The tax is on engine size about 100 euros for my 3 lt 4x4 and 65 euros for my 2.3 motorhome.You do not have to display a disc in the windscreen


----------



## derek500 (Oct 31, 2005)

I've been stopped three times by the Civil Guard and they've only asked my Driving Licence, Insurance (with latest receipt from bank) and my Ficha técnica (log book, ownership details).

They've never asked for receipts of my 'impuesto de vehículo tracción mecánica' The local car tax.

Since I read the earlier posts I asked on a Spanish forum and they agreed with me.

Apparently, now you don't need to carry your insurance documents as the Civil Guard have onboard computers to check.

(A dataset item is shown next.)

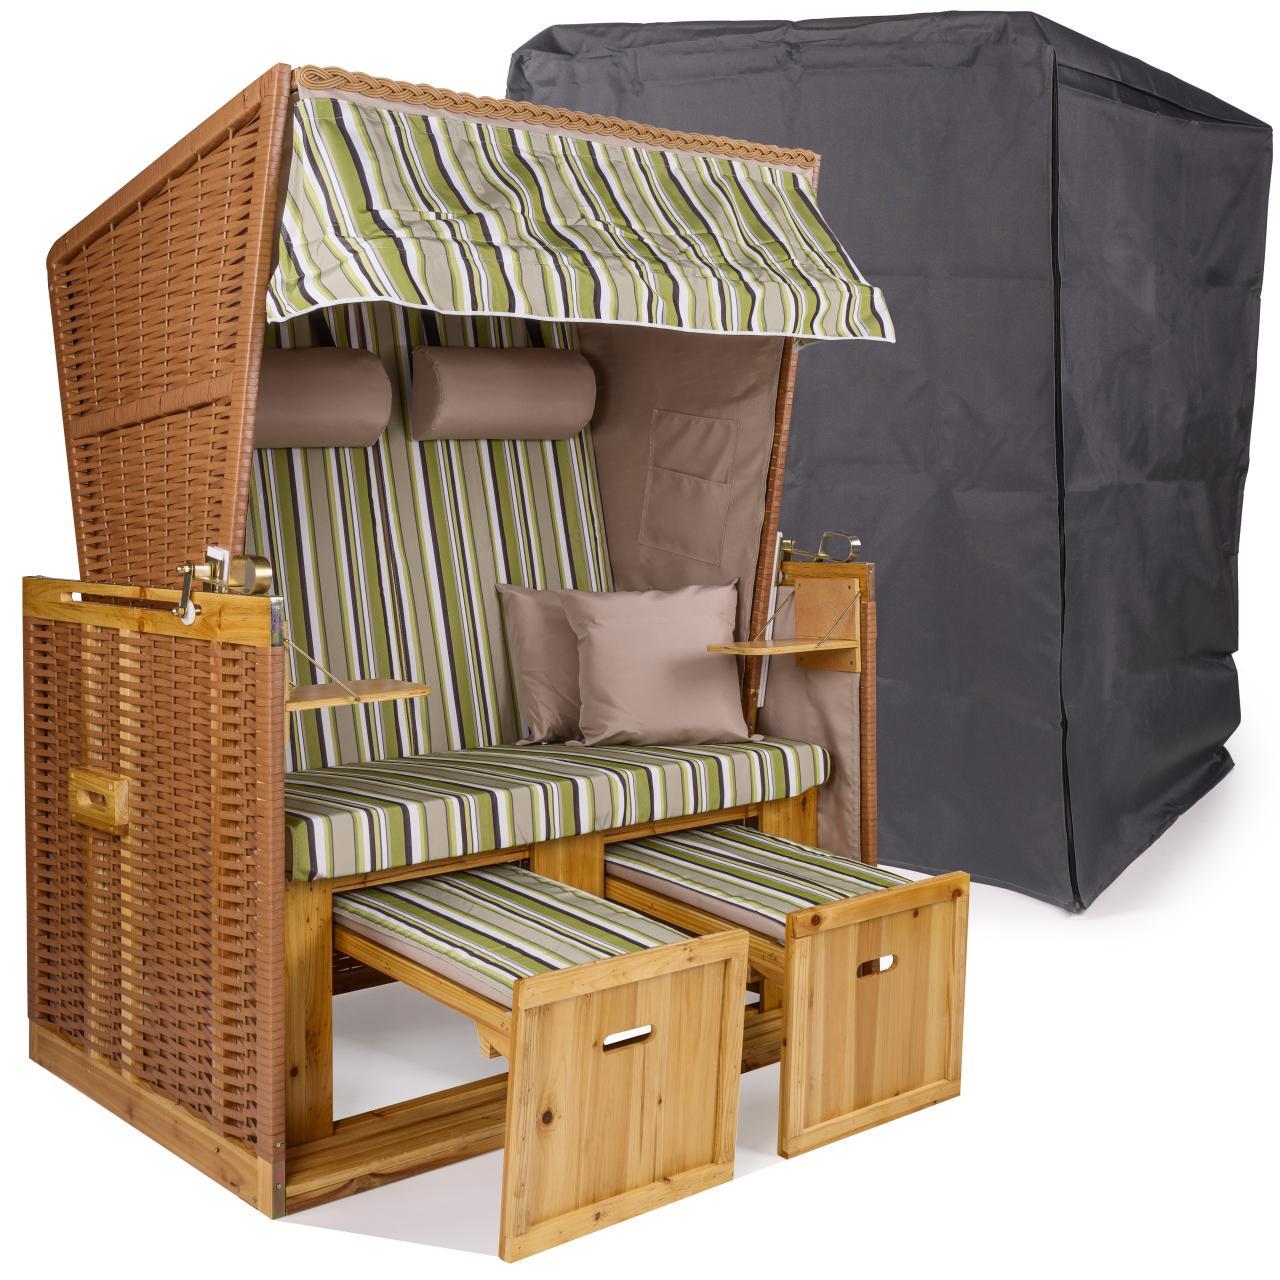 strandkorb xxl premium nordsee gartenliege sylt volllieger gartenm bel rattan. Black Bedroom Furniture Sets. Home Design Ideas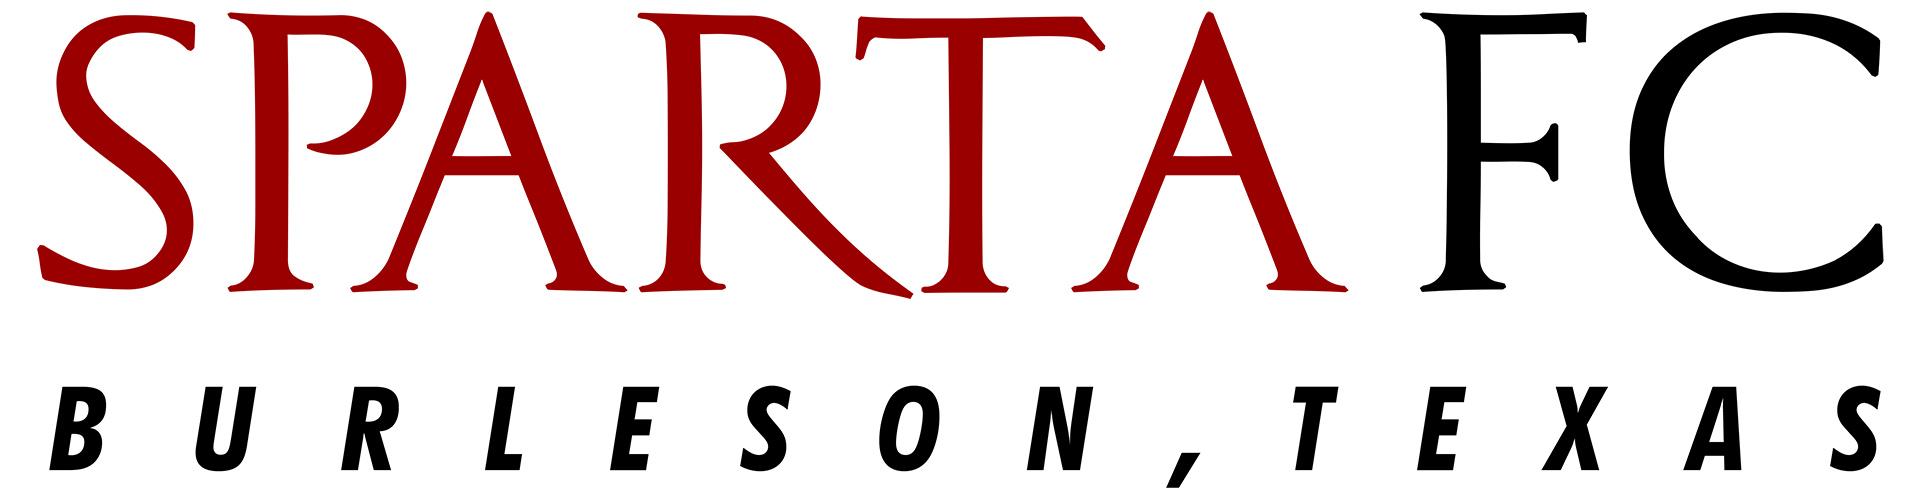 Spartafc logo website

It's still advisable though.


----------



## Spacerunner (Mar 18, 2006)

What about as my home country is in the EU then if I am legal in my country of origin then I am legal anywhere in the EU?


----------



## backaxle (Nov 6, 2006)

Spacerunner said:


> What about as my home country is in the EU then if I am legal in my country of origin then I am legal anywhere in the EU?


This is what all the A frame and tow bar fitters have us all believe.There is no mention of extra markers when we have a toad fitted.Just ON TOW markers.


----------



## camper69 (Aug 30, 2007)

derek500 said:


> Apparently, now you don't need to carry your insurance documents as the Civil Guard have onboard computers to check. It's still advisable though.


They won't be able to check foreign vehicle insurance though.

Derek


----------



## derek500 (Oct 31, 2005)

camper69 said:


> derek500 said:
> 
> 
> > Apparently, now you don't need to carry your insurance documents as the Civil Guard have onboard computers to check. It's still advisable though.
> ...


True. I should have posted as a reply to fellow expat Hogan!!


----------



## derek500 (Oct 31, 2005)

How spooky. Was just driving home from golf and I was stopped by the Civil Guard!!

Anyway as I thought, they asked to see my ficha tecnica and my driving licence. I also showed my insurance and payment receipt from the bank.

I asked them about the insurance and they said it wasn't obligatory but it saves them looking it up on their computer.

I also mentioned the impuesto de vehículo tracción y mecánico and they said they never ask to see it.

Googling around the only place I've seen it mentioned is on British expat sites in Spain.

Now if I wanted to check UK law, the last place I would go is a Spanish expat site in the UK!!


----------



## loddy (Feb 12, 2007)

Police very keen on the Costa del Sol as well, in my opinion they should be with the amount of untaxed cars on the roads.

I hope they get caught and the vehicle conviscated

Loddy


----------